Others arguments are used for debugging.
Configuration
It is recommended to use a configuration file to record trace options for vaitrace. You can start a trace with configuration by using vaitrace -c trace_cfg.json.
Configuration priority:
.Here is an example of vaitrace configuration file.
"trace": {
"enable_trace_list": ["vitis-ai-library", "vart", "custom"],
"trace_custom": []
}
}
Key Name | Value Type | Description | |
---|---|---|---|
options | object | Vaitrace options | |
trace | object | ||
enable_trace_list | list | Built-in trace function list to be enabled, available value "vitis-ai-library", "vart", “opencv”, "custom", custom for function in trace_custom list | |
trace_custom | list | The list of functions to be traced that are implemented by user.

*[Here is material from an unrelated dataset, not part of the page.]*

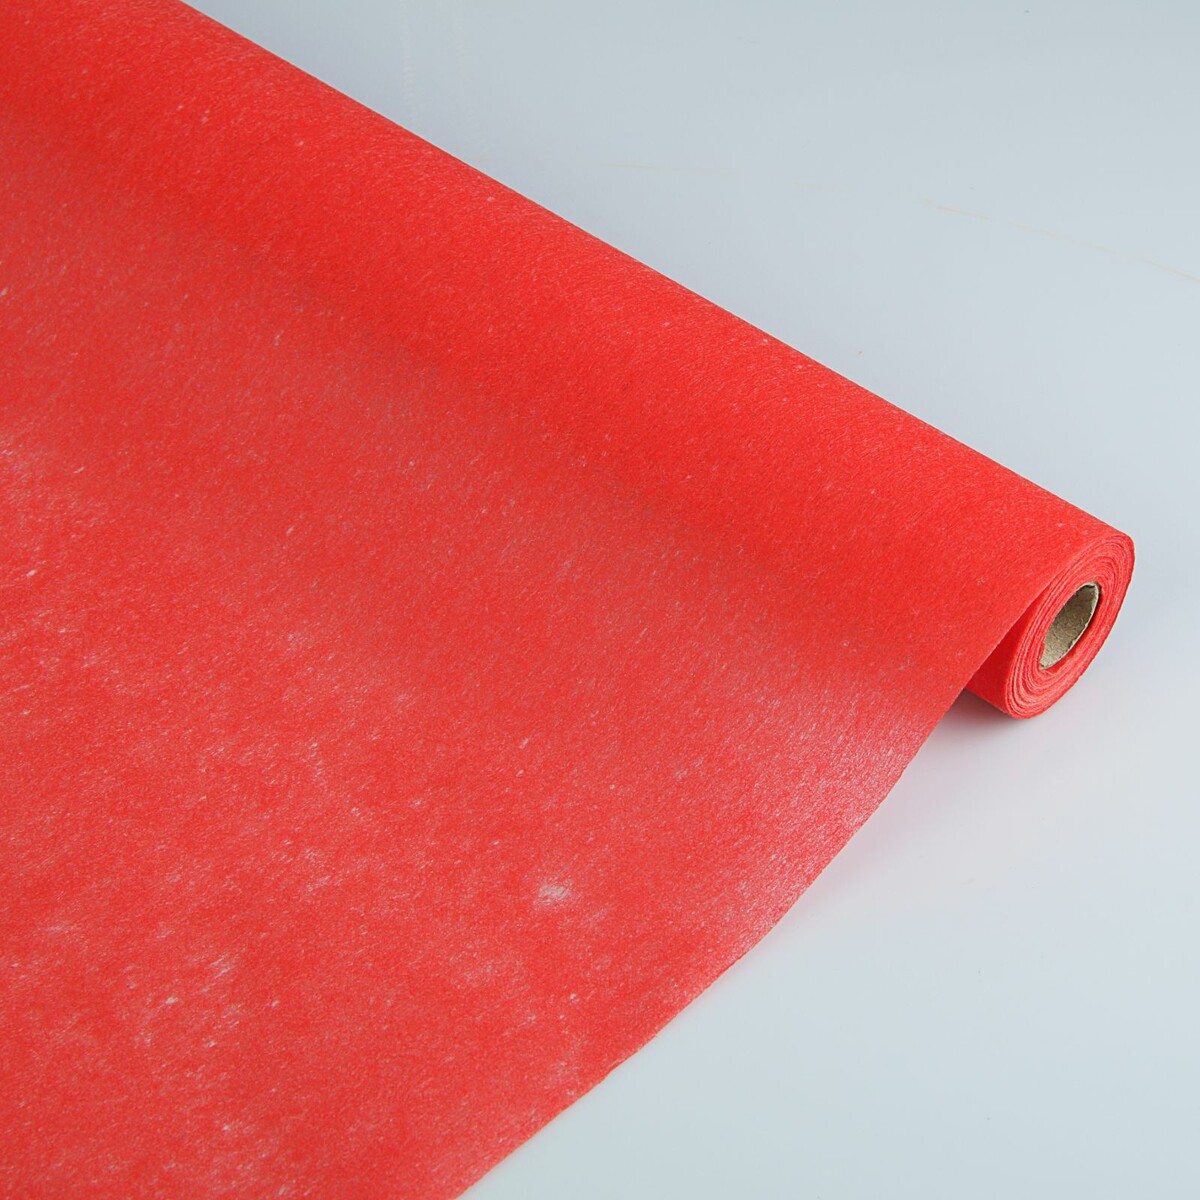 Фетр для упаковок и поделок, однотонный, красный, двусторонний, рулон 1шт., 50 см x 15 м фетр для упаковок и поделок однотонный оливковый двусторонний зеленый рулон 1шт 50 см x 15 м

For the name of function, naming space are supported. You can see an example of using custom trace function later in this document |
Text Summary
When the –txt
option is used, vaitrace prints an ASCII table as
shown in the following figure:
The fields are defined in the following list:
- DPU
- Name of the DPU.
- Batch
- Batch size of the DPU.
- SubGraph
- Name of subgraph in the xmodel.
- Workload
- Computation workload (MAC indicates two operations, only available for conv subgraphs now).
- Run Time (ms)
- The execution time in milliseconds.
- Perf(GOP/s)
- The DPU performance in unit of GOP per second.
- Mem (MB)
- Total load/store size of this subgraph.
- MB/s
- Average DDR memory access bandwidth.
MB/s = (total load size of the subgraph (including feature map and weight/bias, from DDR/HBM to DPU bank mem) + total store size of the subgraph (from DPU bank mem to DDR/HBM)) / subgraph runtime
DPU Profiling Examples
You can find advanced DPU profiling examples with the Vitis AI Profiler on the Vitis AI Profiler GitHub page.